The Transformer Positional Encoding Layer in Keras, Part 2



Last Updated on September 25, 2022

In part 1: A gentle introduction to positional encoding in transformer models, we discussed the positional encoding layer of the transformer model. We also showed how you can implement this layer and its functions yourself in Python. In this tutorial, we’ll implement the positional encoding layer in Keras and Tensorflow. You can then use this layer in a complete transformer model.

After completing this tutorial, you will know:

Text vectorization in Keras
Embedding layer in Keras
How to subclass the embedding layer and write your own positional encoding layer.

Let’s get started.

The Transformer Positional Encoding Layer in Keras, Part 2.
Photo by Ijaz Rafi. Some rights reserved

Tutorial Overview

This tutorial is divided into 3 parts; they are:

Text vectorization and embedding layer in Keras
Writing your own positional encoding layer in Keras
Randomly initialized and tunable embeddings
Fixed weight embeddings from Attention is All You Need

Graphical view of the output of the positional encoding layer

The Import Section

First let’s write the section to import all the required libraries:

import tensorflow as tf
from tensorflow import convert_to_tensor, string
from tensorflow.keras.layers import TextVectorization, Embedding, Layer
from tensorflow.data import Dataset
import numpy as np
import matplotlib.pyplot as plt

The Text Vectorization Layer

We’ll start with a set of English phrases, which are already preprocessed and cleaned. The text vectorization layer creates a dictionary of words and replaces each word by its corresponding index in the dictionary.
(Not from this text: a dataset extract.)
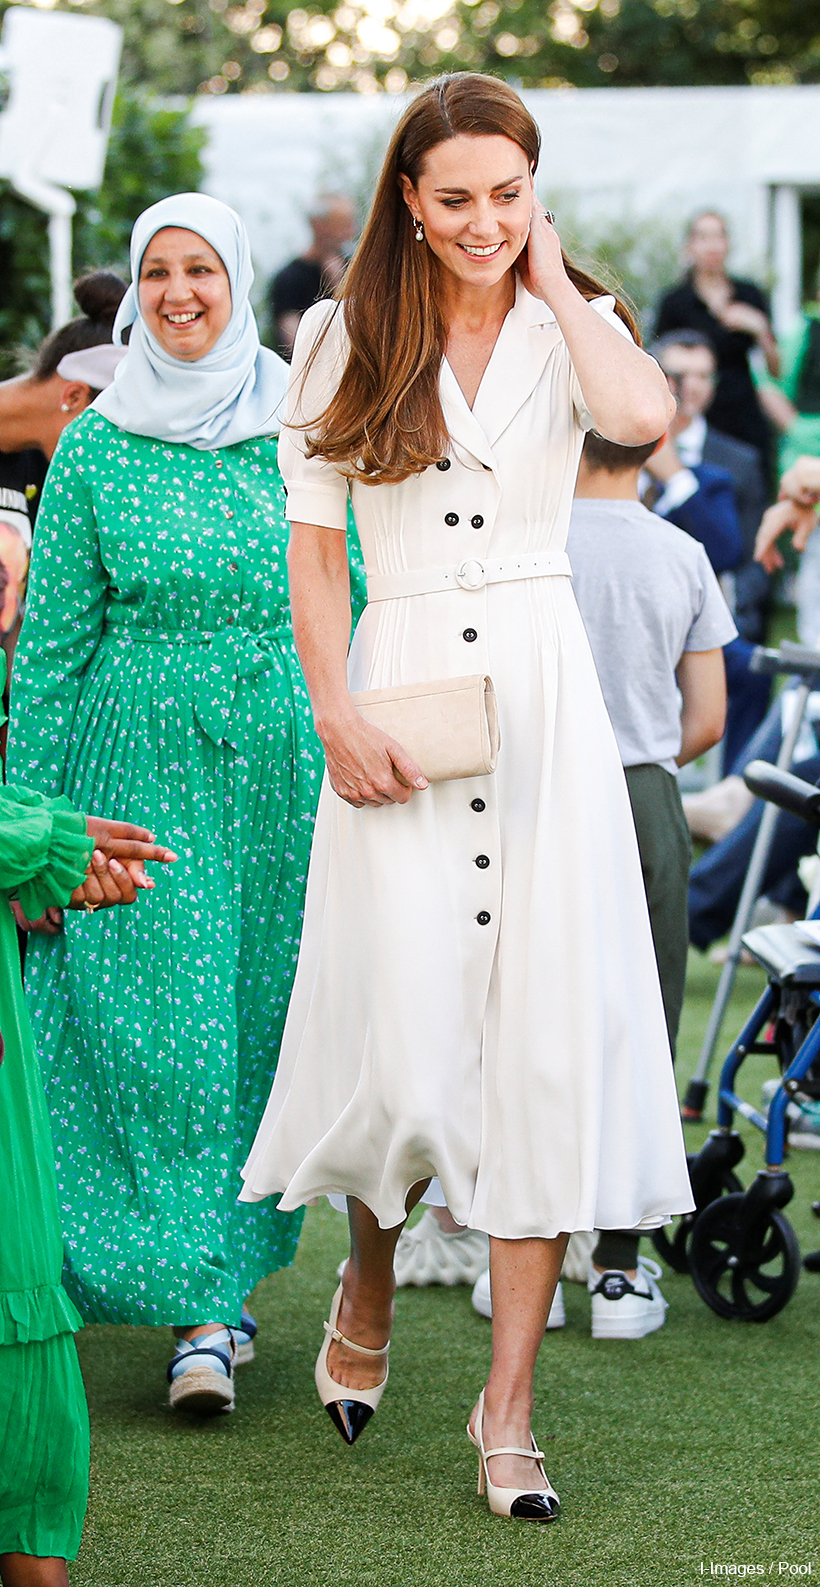 Kate Middleton wearing the Suzannah Dress
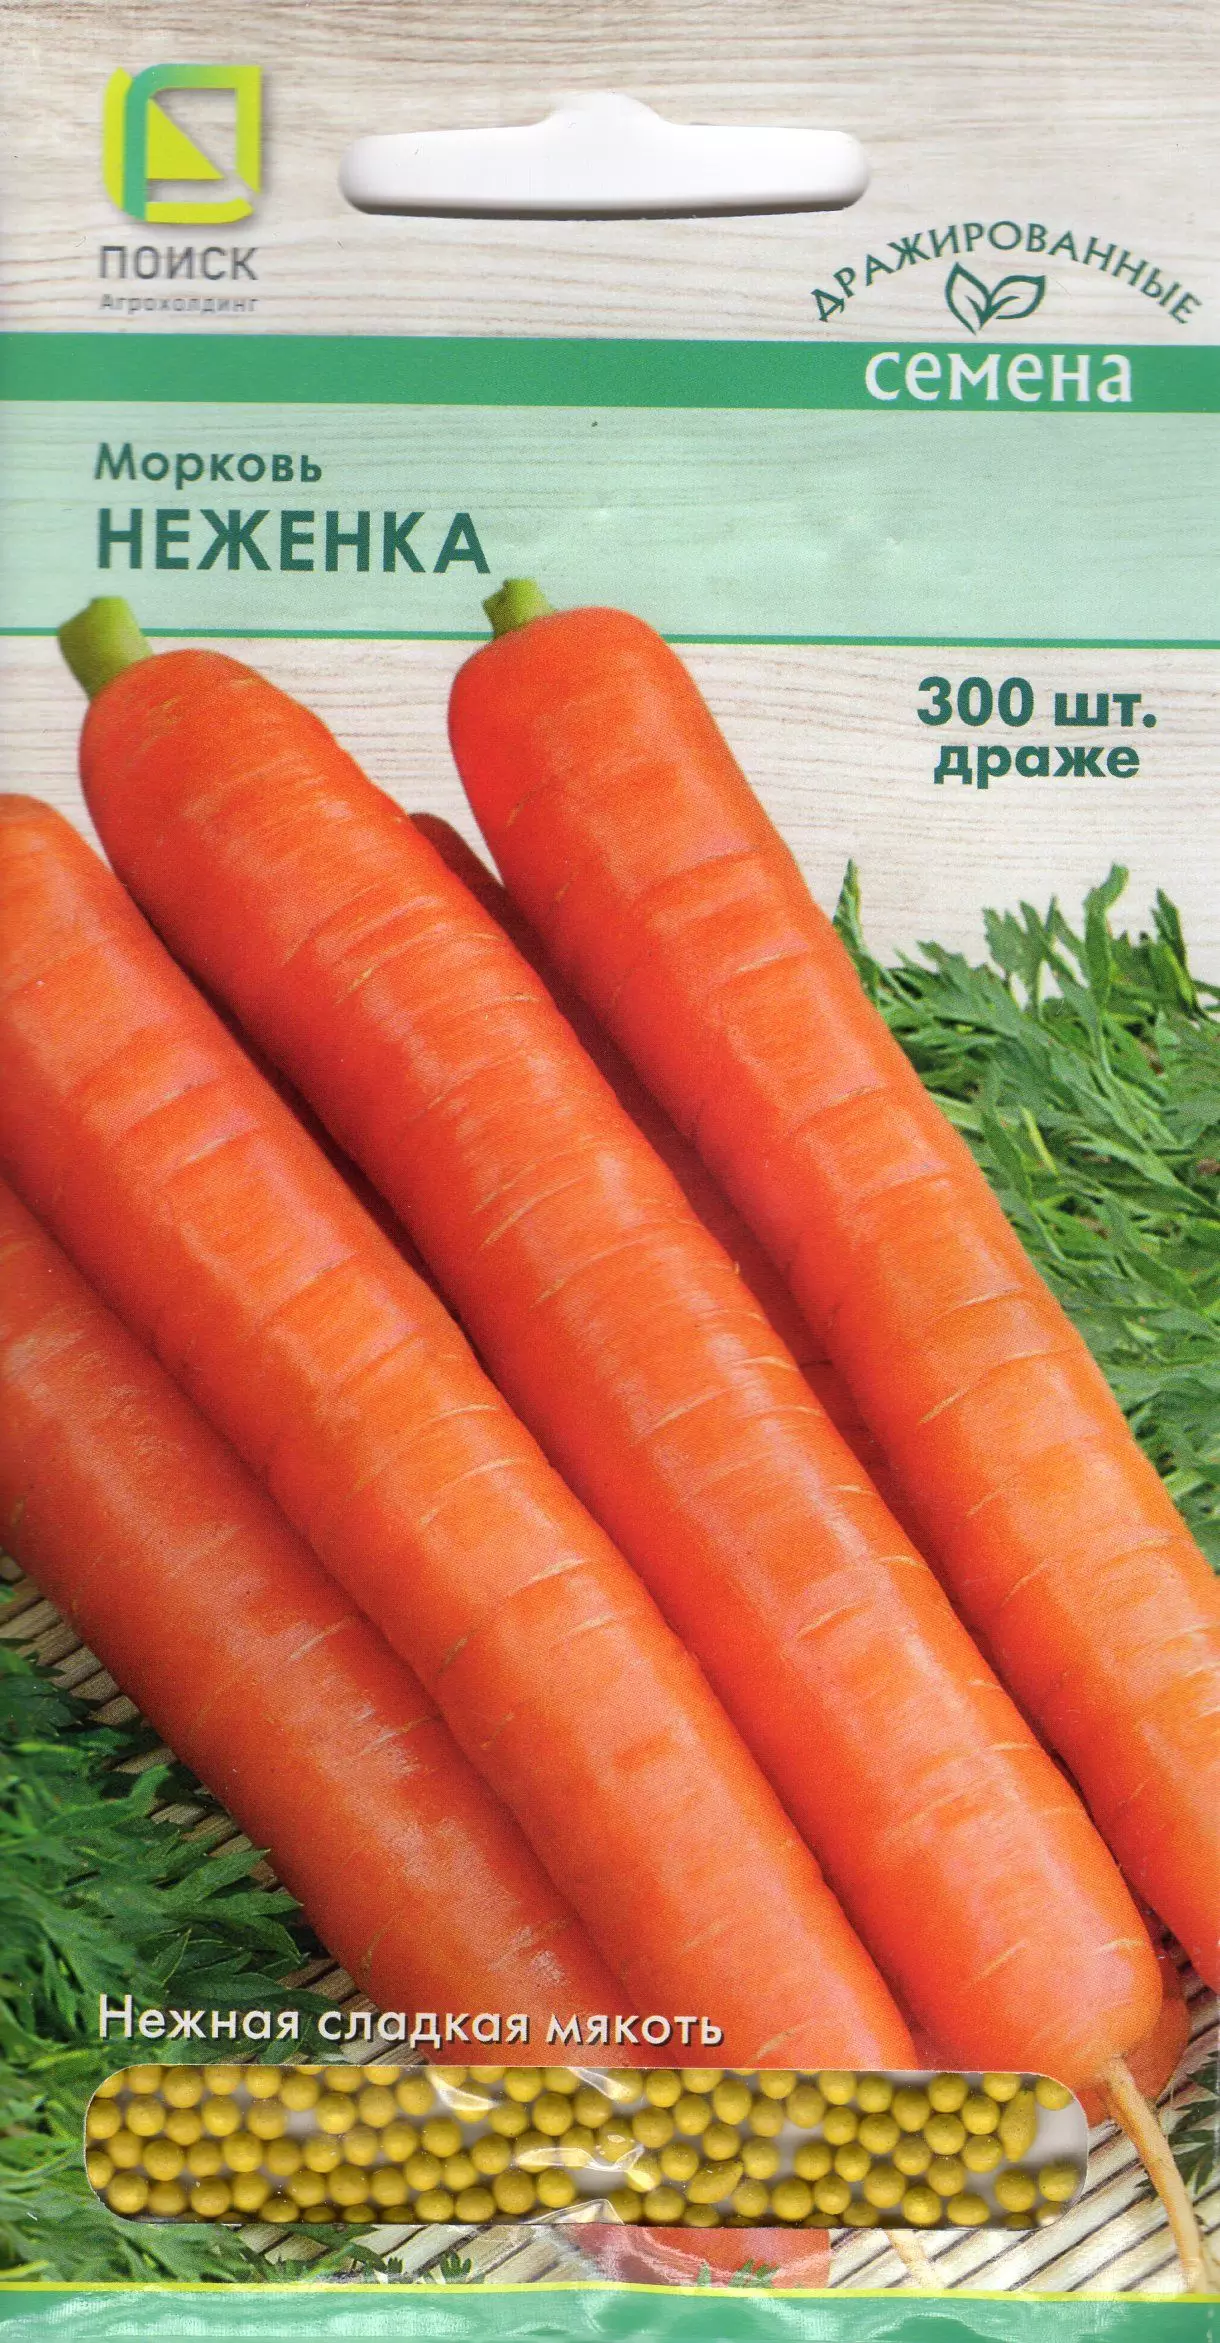 Семена Морковь Неженка. ПОИСК Ц/П драже 300 шт

Let’s see how we can map these two sentences using the text vectorization layer:

I am a robot
you too robot

Note we have already converted the text to lowercase and removed all the punctuations and noise in text. We’ll convert these two phrases to vectors of a fixed length 5. The TextVectorization layer of Keras requires a maximum vocabulary size and the required length of output sequence for initialization. The output of the layer is a tensor of shape:

(number of sentences, output sequence length)

The following code snippet uses the adapt method to generate a vocabulary. It next creates a vectorized representation of text.

output_sequence_length = 5
vocab_size = 10
sentences = [[“I am a robot”], [“you too robot”]]
sentence_data = Dataset.from_tensor_slices(sentences)
# Create the TextVectorization layer
vectorize_layer = TextVectorization(
output_sequence_length=output_sequence_length,
max_tokens=vocab_size)
# Train the layer to create a dictionary
vectorize_layer.adapt(sentence_data)
# Convert all sentences to tensors
word_tensors = convert_to_tensor(sentences, dtype=tf.string)
# Use the word tensors to get vectorized phrases
vectorized_words = vectorize_layer(word_tensors)
print(“Vocabulary: “, vectorize_layer.get_vocabulary())
print(“Vectorized words: “, vectorized_words)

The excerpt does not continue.